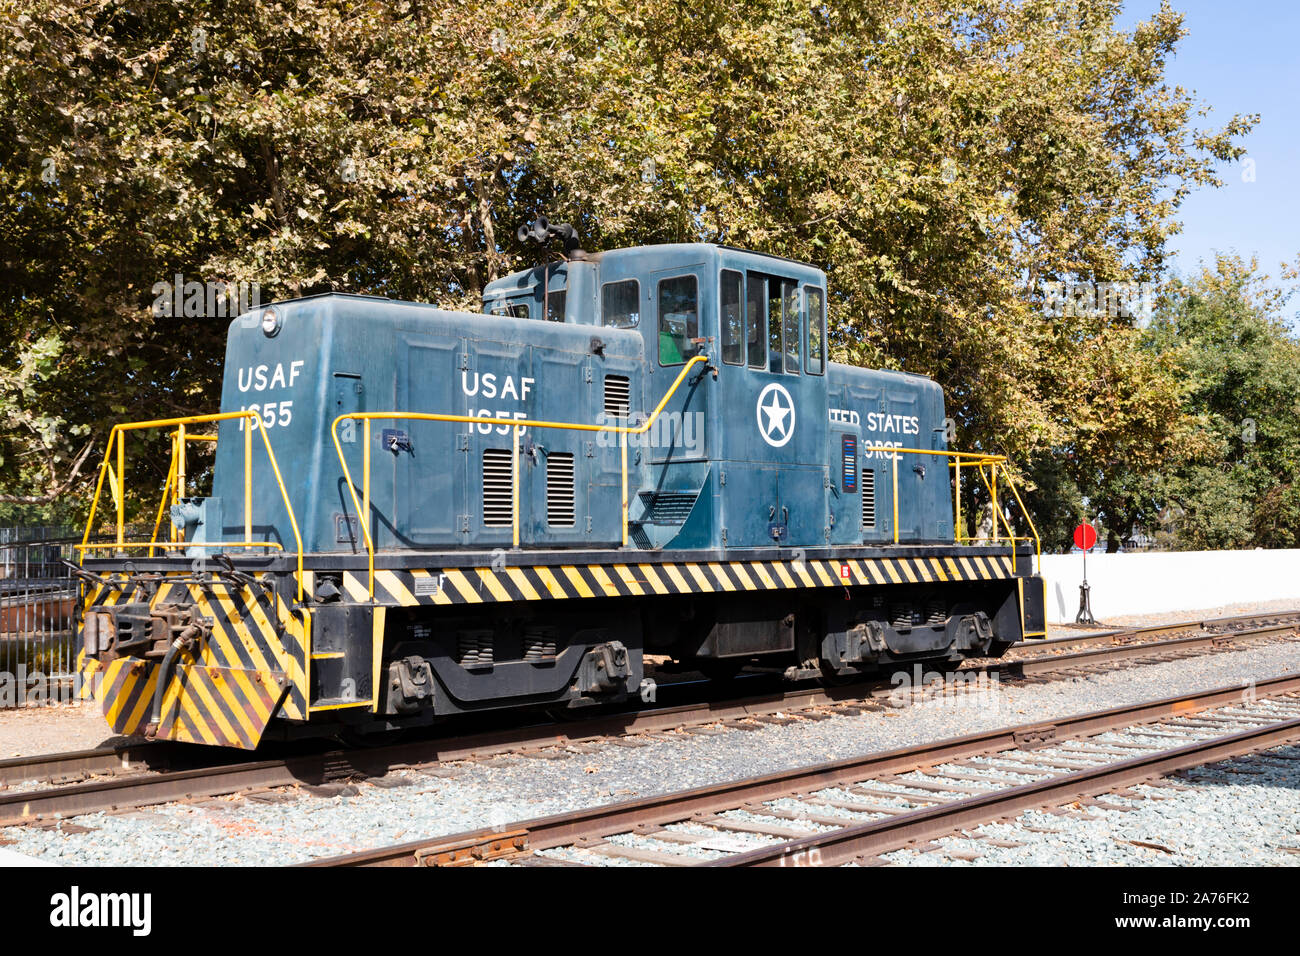 USAF 1655 ex locomotive de l'utilitaire au California State Railroad Museum, Sacramento, capitale de l'État de Californie, États-Unis d'Amérique. Banque D'Images
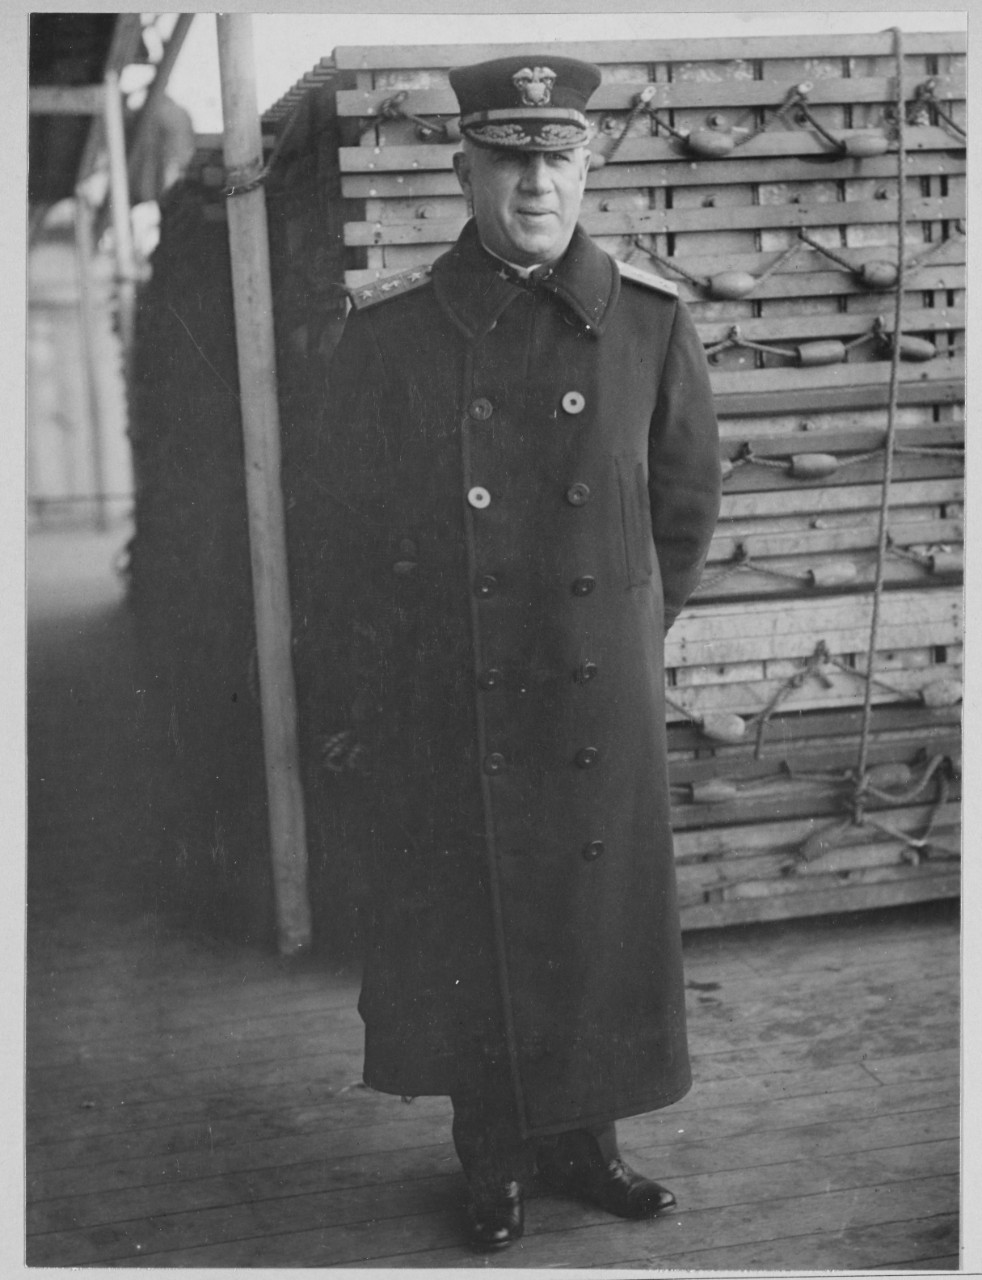 Photograph of Bullard standing in naval uniform and overcoat
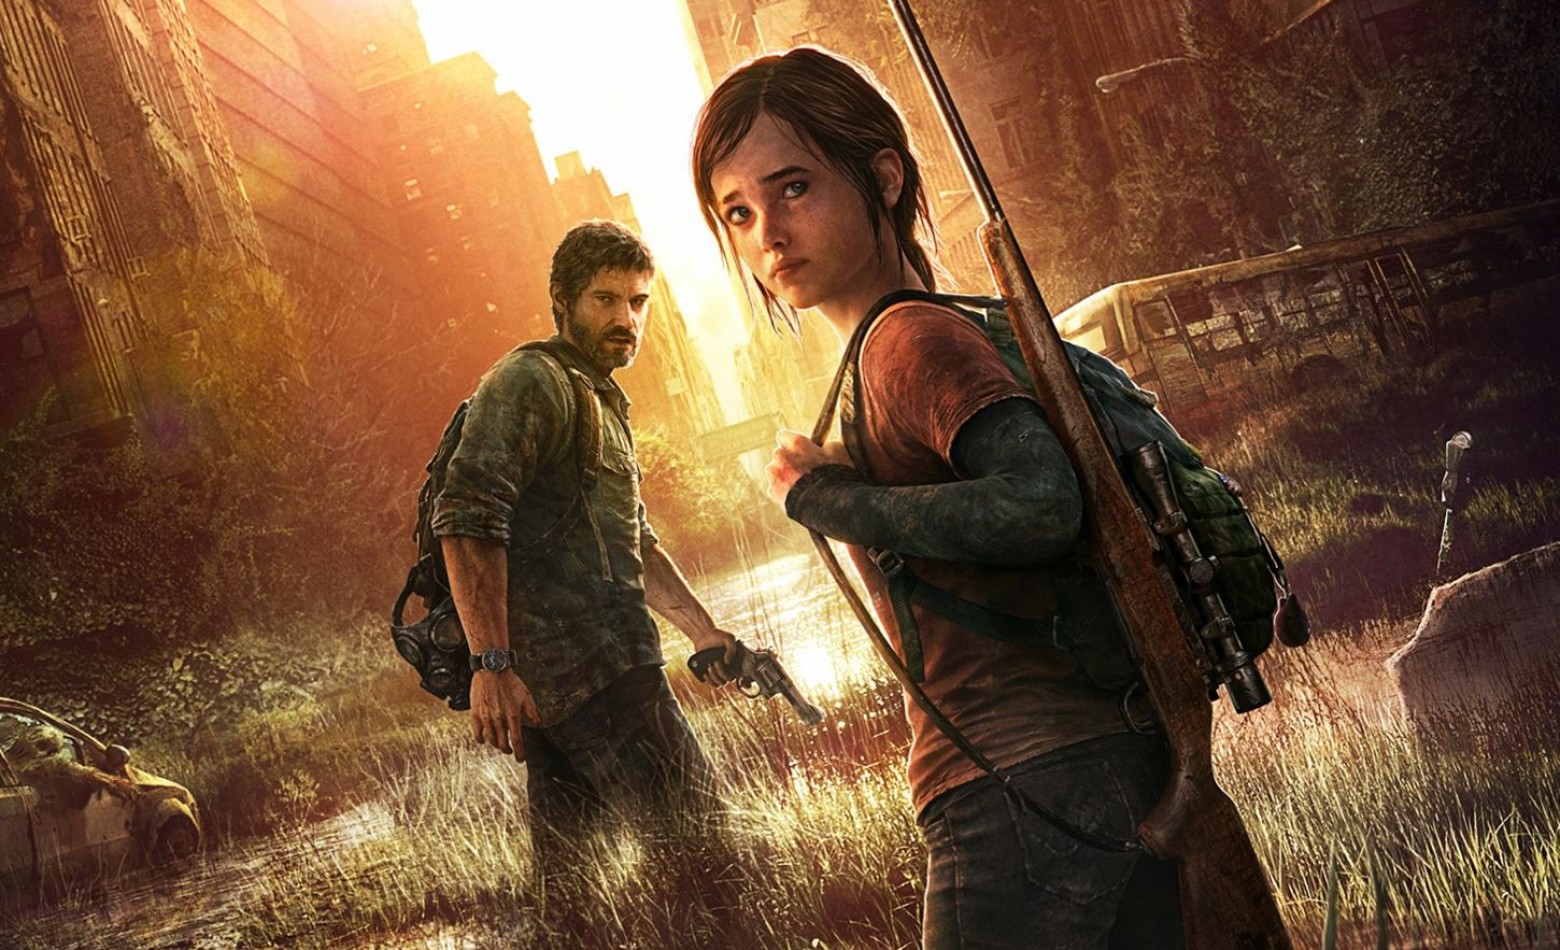 Acompanhe o NGP em mais um gameplay de The Last of Us: Remastered
•••
DIRECTIONS FOR THIS TASK.
Please restate the whole listing exactly, without any of its pictures.

OUTPUT FOR THIS EXERCISE.
 USAF 1655 ex locomotive de l'utilitaire au California State Railroad Museum, Sacramento, capitale de l'État de Californie, États-Unis d'Amérique. Banque D'Images
 Photograph of Bullard standing in naval uniform and overcoat
 Acompanhe o NGP em mais um gameplay de The Last of Us: Remastered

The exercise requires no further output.